George stopped and covered his face with his hands, not because what he was saying was bothering him particularly, even though he’d had much time to think about what happened and realised that he had been at great risk. All the while he’d been narrating the story, the full truth of why Josh tried to kill himself had been sinking in and he was suddenly overwhelmed by such grief that he almost couldn’t bear it.

“Keep going,” Josh urged gently. George sniffed and continued, his voice quivering with the effort.

“And I thought what’s the point? Yeah, he’s attractive, and intelligent, but I could be doing this with anyone, and probably people I like more. It’s just sex.”

The words were a revelation.

“Ha. It’s just sex. That’s all it is. Anyway, the next Wednesday after New Year, we were on our way back to the house, and I told him how I felt.
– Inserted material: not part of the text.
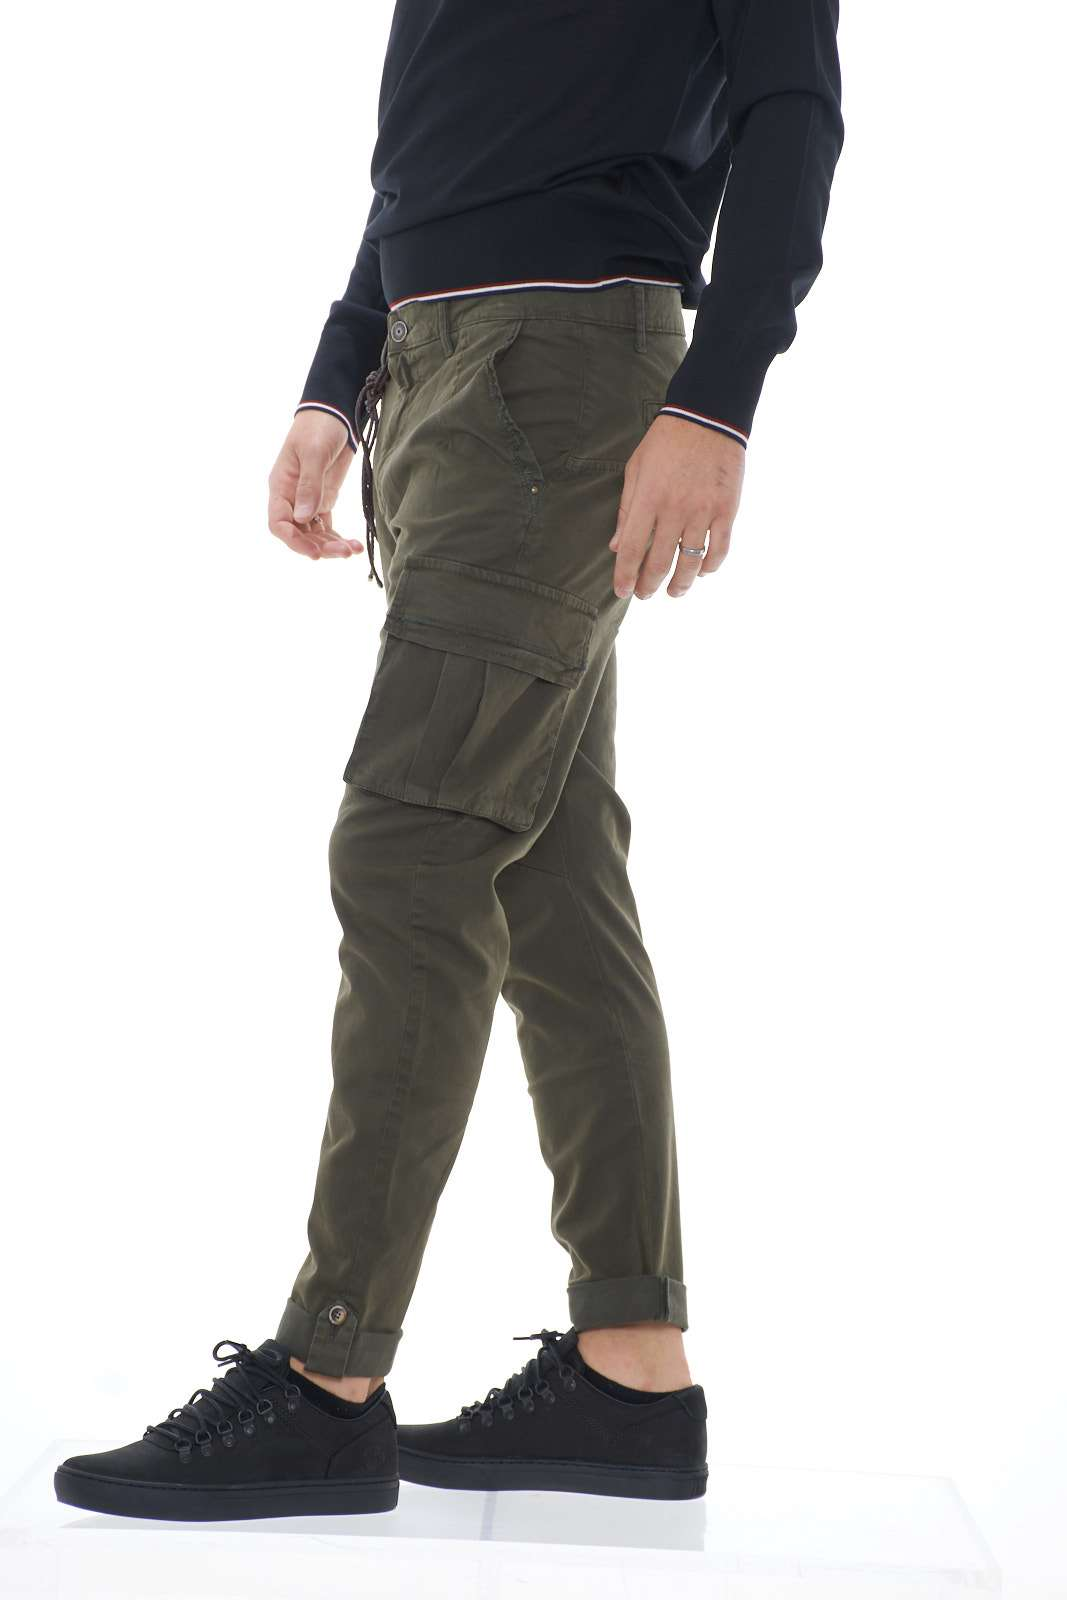 https://www.parmax.com/media/catalog/product/A/I/AI-outlet_parmax-pantaloni-uomo-Squad-gvc9711-B.jpg

He seemed a bit disappointed, but not upset as such, said he’d walk me back and call a taxi. But as soon as we got inside, he pinned me to the wall by my neck. I couldn’t believe it and it took a minute to get my head around it. I kneed him really hard and he doubled up. I pushed him out the door and locked it. I can look after myself, so I wasn’t that worried, but I should’ve known, I guess. He was always so intense, so serious, although he didn’t try coming back and didn’t turn up on the Saturday, so I thought it was finished. Back to normal.

“The following week, I’m in the bar again, and I was a bit nervous, wondering how things would be after what had happened. He came in as usual, and ignored me at first, but then he walked over and sat next to me. And he’s smiling and laughing, so it looks to everyone else like we’re having a nice friendly chat, but he’s saying, ‘I’m going to get you when you’re sleeping, no-one makes a fool out of me,’ and stuff like that. As far as everyone else is concerned, there’s nothing going on, so I slipped out, telling him I was going to the toilet, which is where I went. Next thing he’s in there too, smashing my head into the cubicle door. See that scar? That’s from the lock. When I finally got free, I punched him in the stomach and he fell backwards, hit his shoulder on the sink. I left him there, told my housemates not to let him in if he came round.